Die erste Februarwoche 2009 war in der jungen kasachischen Wirtschaftsgeschichte wohl die bisher spannendste, dramatischste und sicher auch umstrittenste. So hätten die dramatischen Aktionen zur Rettung der größten kasachischen Bank (BTA) durch Verstaatlichung durchaus eine Wertung an dieser Stelle verdient, wichtiger ist jedoch die ziemlich plötzliche Entscheidung der Nationalbank das sogenannte „schmutzige Floaten“, also die nicht offiziell erklärte Unterstützung des Wechselkurses des Tenge zum Dollar, aufzuheben und einen realistischen Marktkurs zuzulassen. Eine solche Entscheidung war auf jeden Fall fällig und deshalb im Prinzip keine Überraschung. Dennoch war nicht vorherzusehen, dass die Entscheidung der Nationalbank so schnell und vor allem so radikal ausfallen würde.

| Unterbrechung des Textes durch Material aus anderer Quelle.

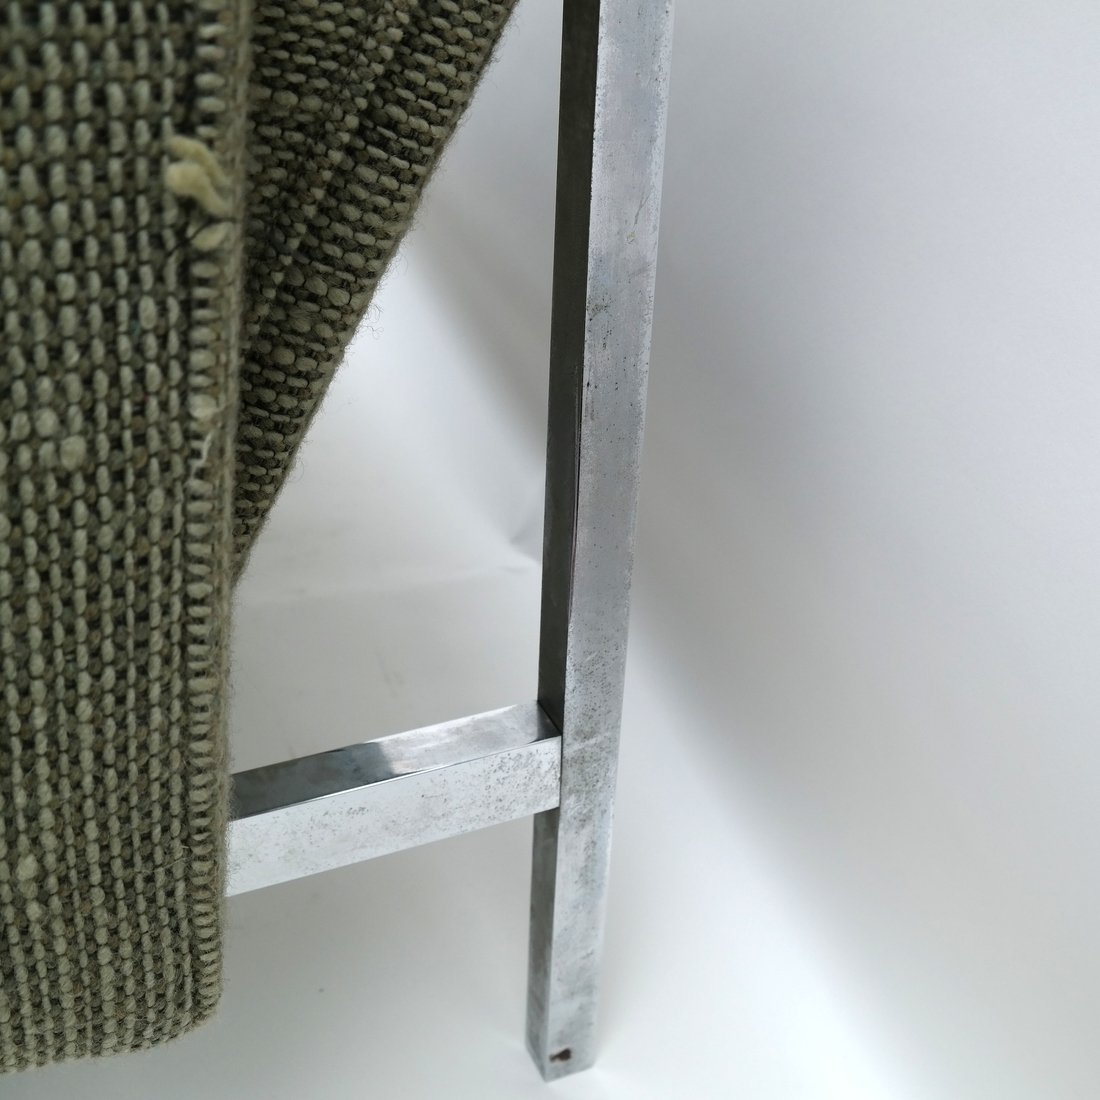 Knoll Green Upholstered Sofa - 10

Die Aufregung in der Gesellschaft ist jetzt groß, und überwiegend werden Negativszenarien hinsichtlich der Folgen für Wirtschaft und einfache Leute an die Wand gemalt. Diese sind schon deshalb nicht auszuschließen, weil sie sofort nach der Verkündung der Abwertung einer ganze Reihe von „Trittbrettfahrern“ den Vorwand liefern, die Preise schnell zu erhöhen, auch wenn dafür überhaupt keine Notwendigkeit besteht. Aber mit der Abwertung kann man vieles begründen, zumal immer noch bei vielen Leuten angeblich „die Amerikaner“ die Finger im Spiel haben.

Zu bemängeln ist vor allem die Art und Weise, wie die Staatsorgane, darunter die Nationalbank mit ihren eigenen Aussagen umgehen. Noch zu Anfang des Jahres wurde publiziert, dass die Abwertung des Tenge langsam über einen längeren Zeitraum vor sich gehen würde. Das sollte den Wirtschaftsobjekten Zeit geben, sich an die veränderten Wechselkurse anzupassen. Russland hat das in den letzten Wochen praktiziert und gezeigt, dass es geht. Doch hierzulande hat man wahrscheinlich zu lange gewartet und musste nun sehr schnell handeln, weil die Devisenreserven der Nationalbank offensichtlich schneller schmelzen, als man das bisher geplant hatte. Es gibt zwar bei Wirtschaftsreformen immer die Diskussion, ob sie lieber in einem radikalen Schritt oder etappenweise durchzuführen sind. Einen eindeutigen Nachweis für die Überlegenheit der einen oder der anderen Variante gibt es nicht. Das ist auch nicht der Kritikpunkt. Schlecht ist, dass die Staatsorgane, in diesem Falle auch die Nationalbank, zu oft ihre eigene Meinung und Strategie wechseln und zu oft heute nicht mehr gilt, was gestern erst verkündet wurde. Damit organisiert man sich unnötigerweise ein Glaubwürdigkeitsproblem und baut die real vorhandene Misstrauensbasis gegenüber der Staatsmacht erst auf oder aus. Außerdem wird es den Wirtschaftssubjekten durch den häufigen Wechsel von Programmen und Prioritäten erschwert, strategisch zu planen und zu handeln. In dieser Hinsicht aber sind die heimischen Unternehmen meist sehr dünn besohlt, was auch einen Teil ihrer Probleme mit der Wettbewerbsfähigkeit erklärt.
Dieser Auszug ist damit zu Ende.